*Exercise*. Repeat, word for word and with nothing added, each line from the one containing "Tramonto nuvole viola" to the final line of the data, keeping both ends. Pictures are not part of the copy.

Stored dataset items
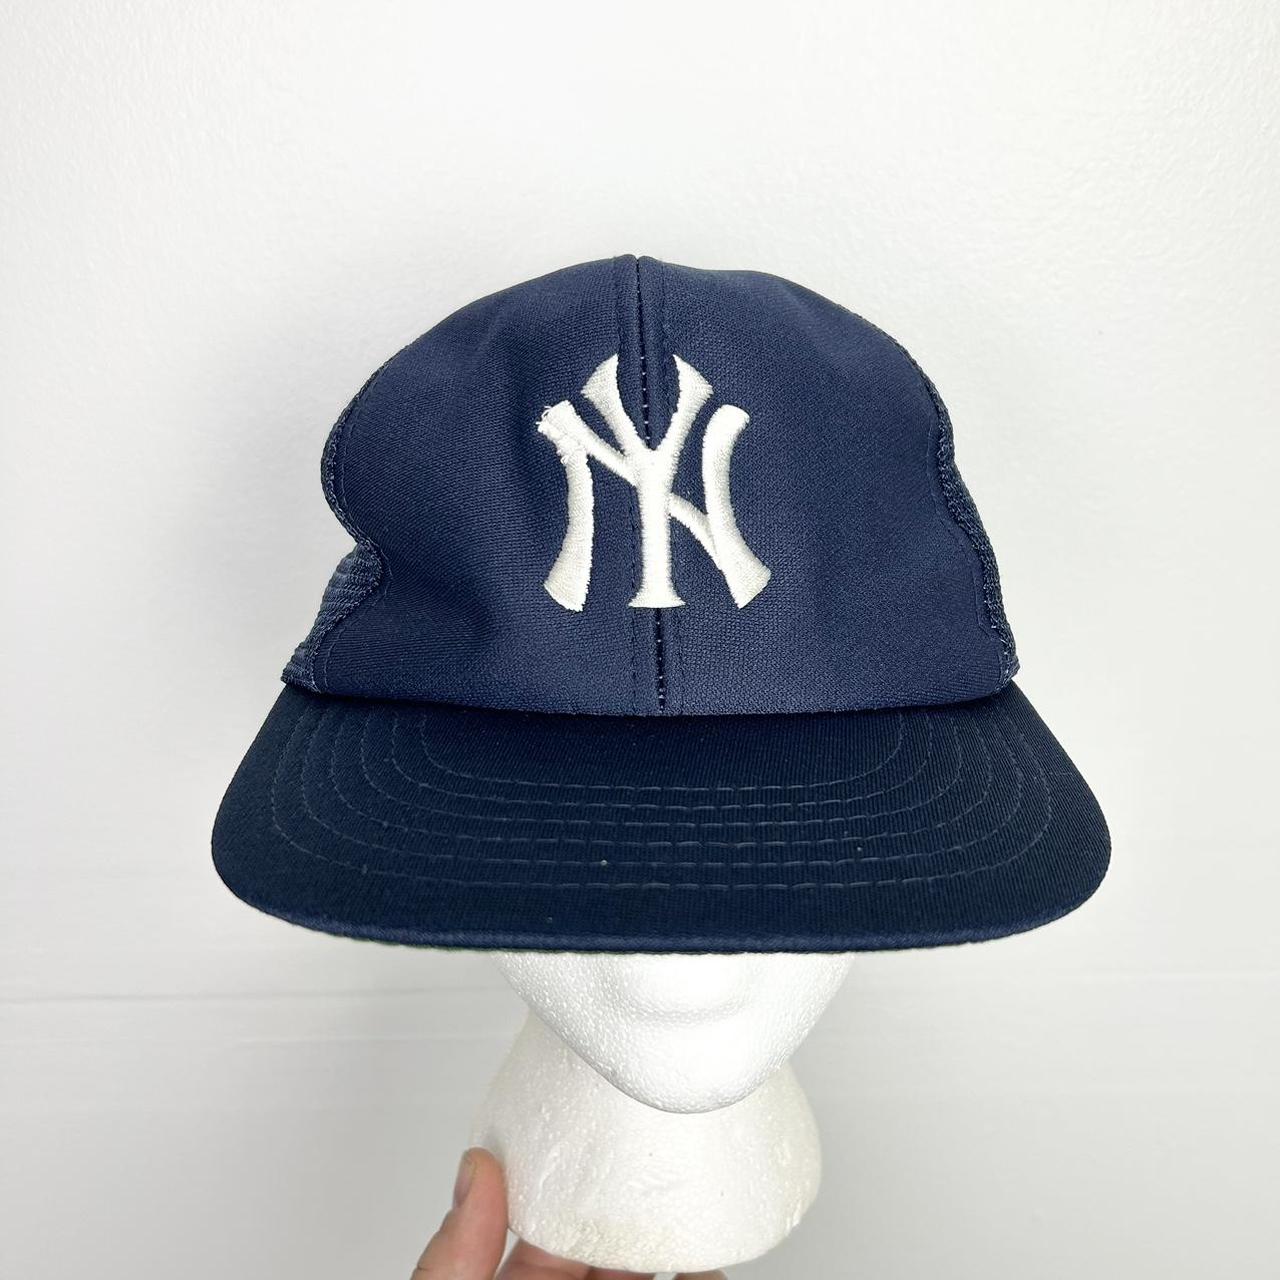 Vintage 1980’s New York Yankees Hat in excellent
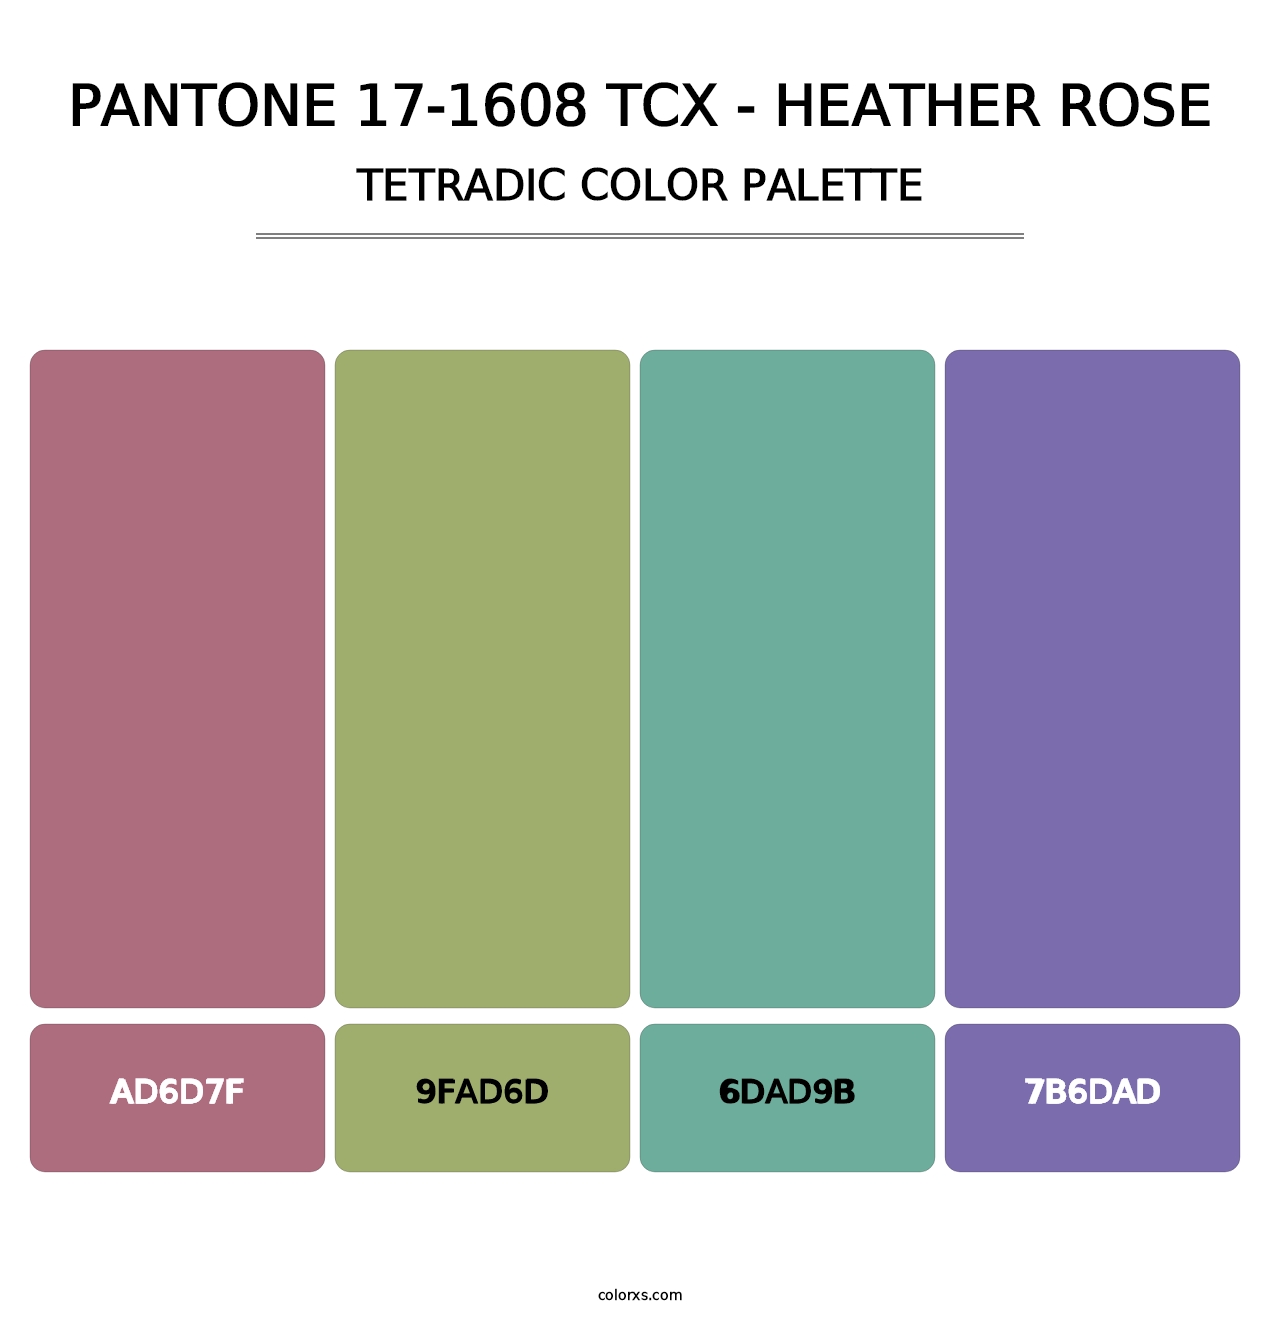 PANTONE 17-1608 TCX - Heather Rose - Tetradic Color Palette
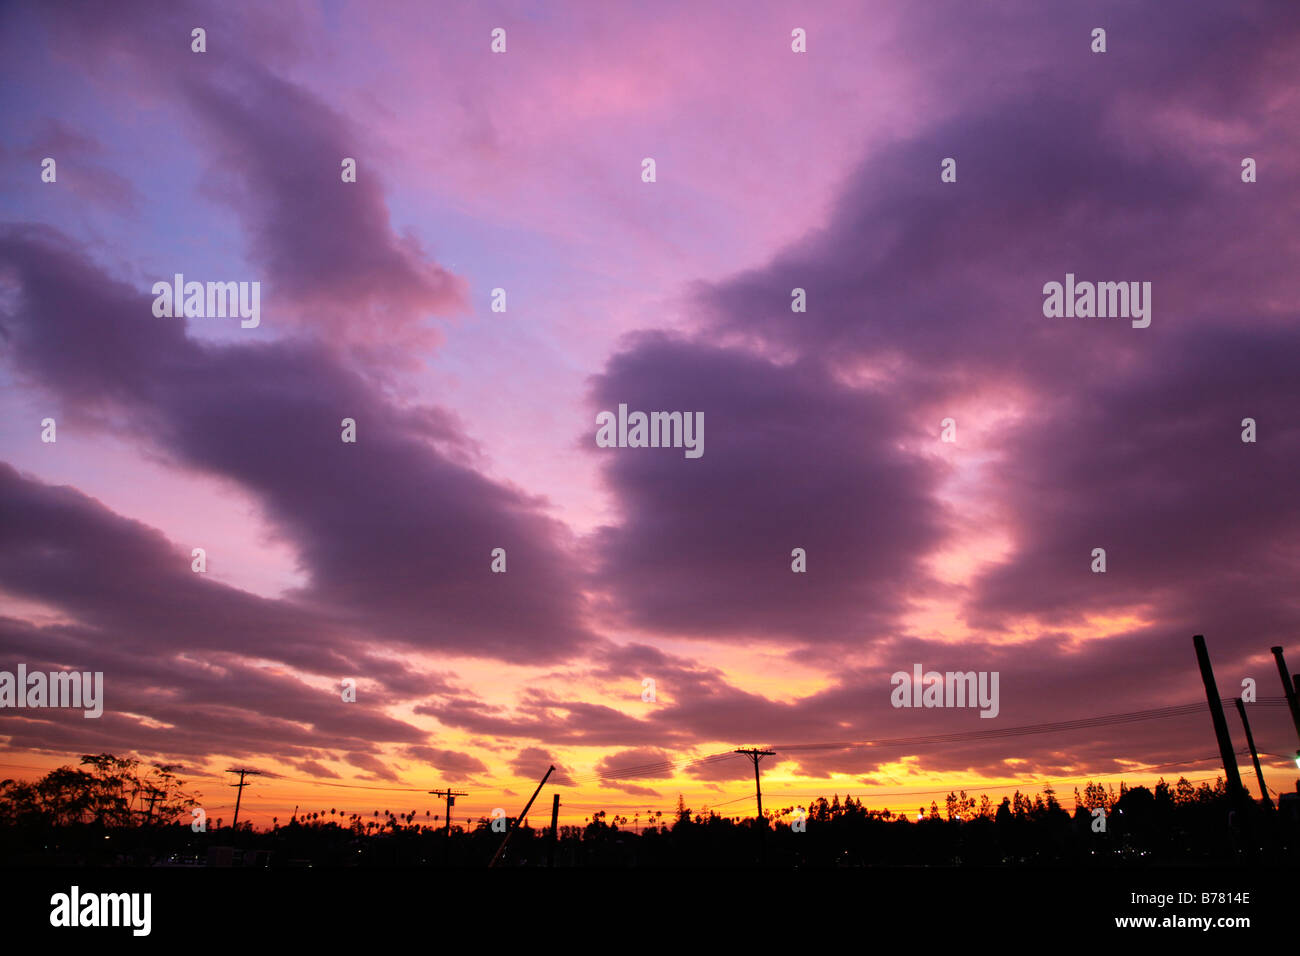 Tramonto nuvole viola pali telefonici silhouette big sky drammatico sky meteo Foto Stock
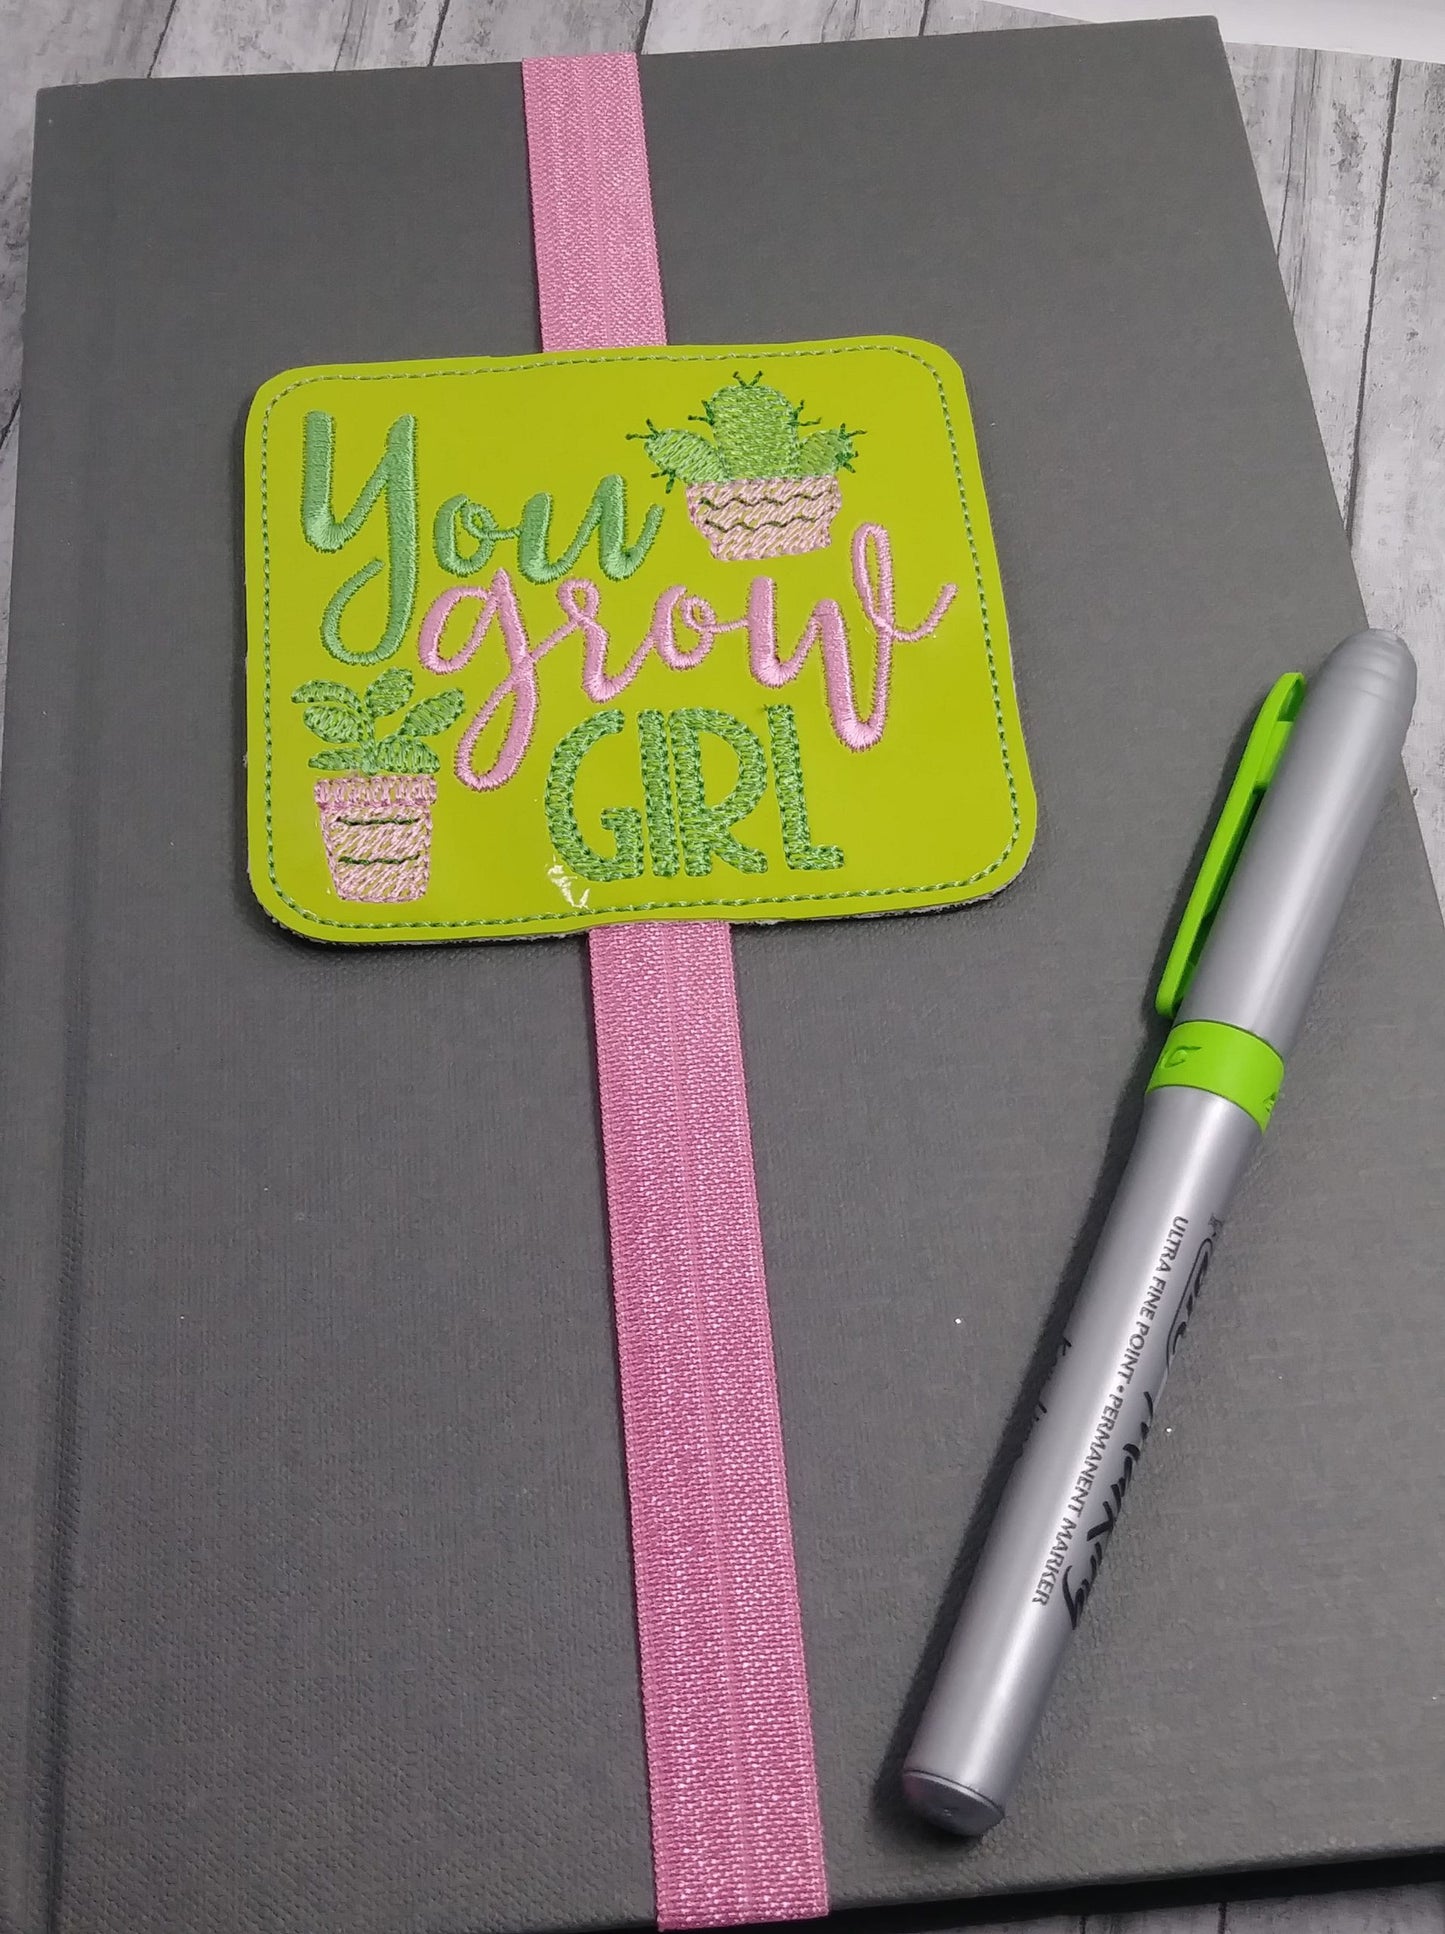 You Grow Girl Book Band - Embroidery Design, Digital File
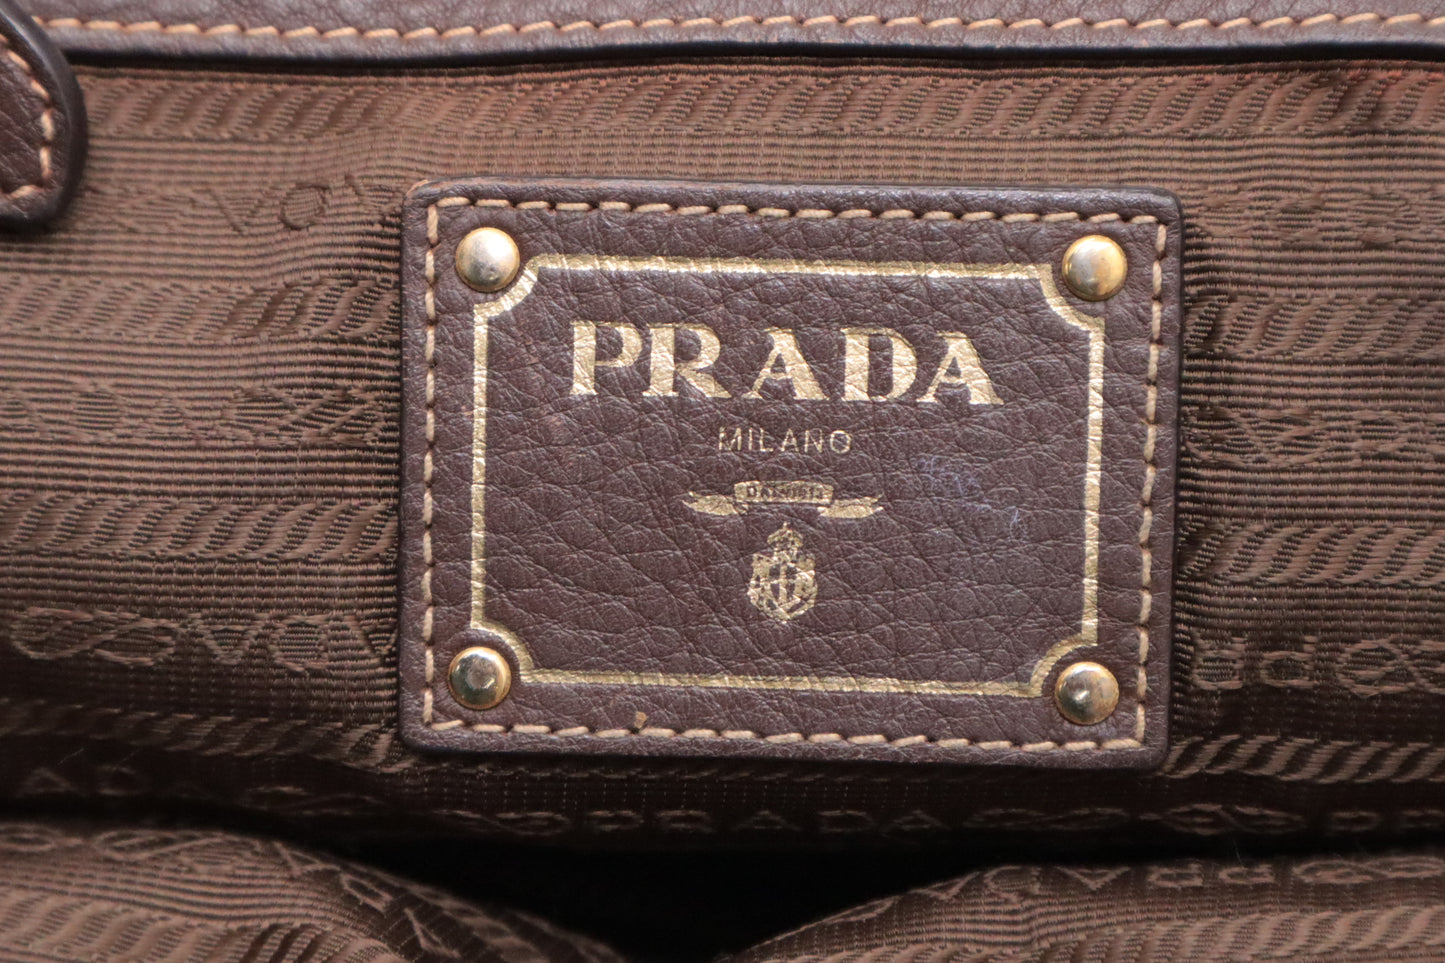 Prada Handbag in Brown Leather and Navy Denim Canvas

*Answer to this task*.
 Tramonto nuvole viola pali telefonici silhouette big sky drammatico sky meteo Foto Stock
 You Grow Girl Book Band - Embroidery Design, Digital File
 Prada Handbag in Brown Leather and Navy Denim Canvas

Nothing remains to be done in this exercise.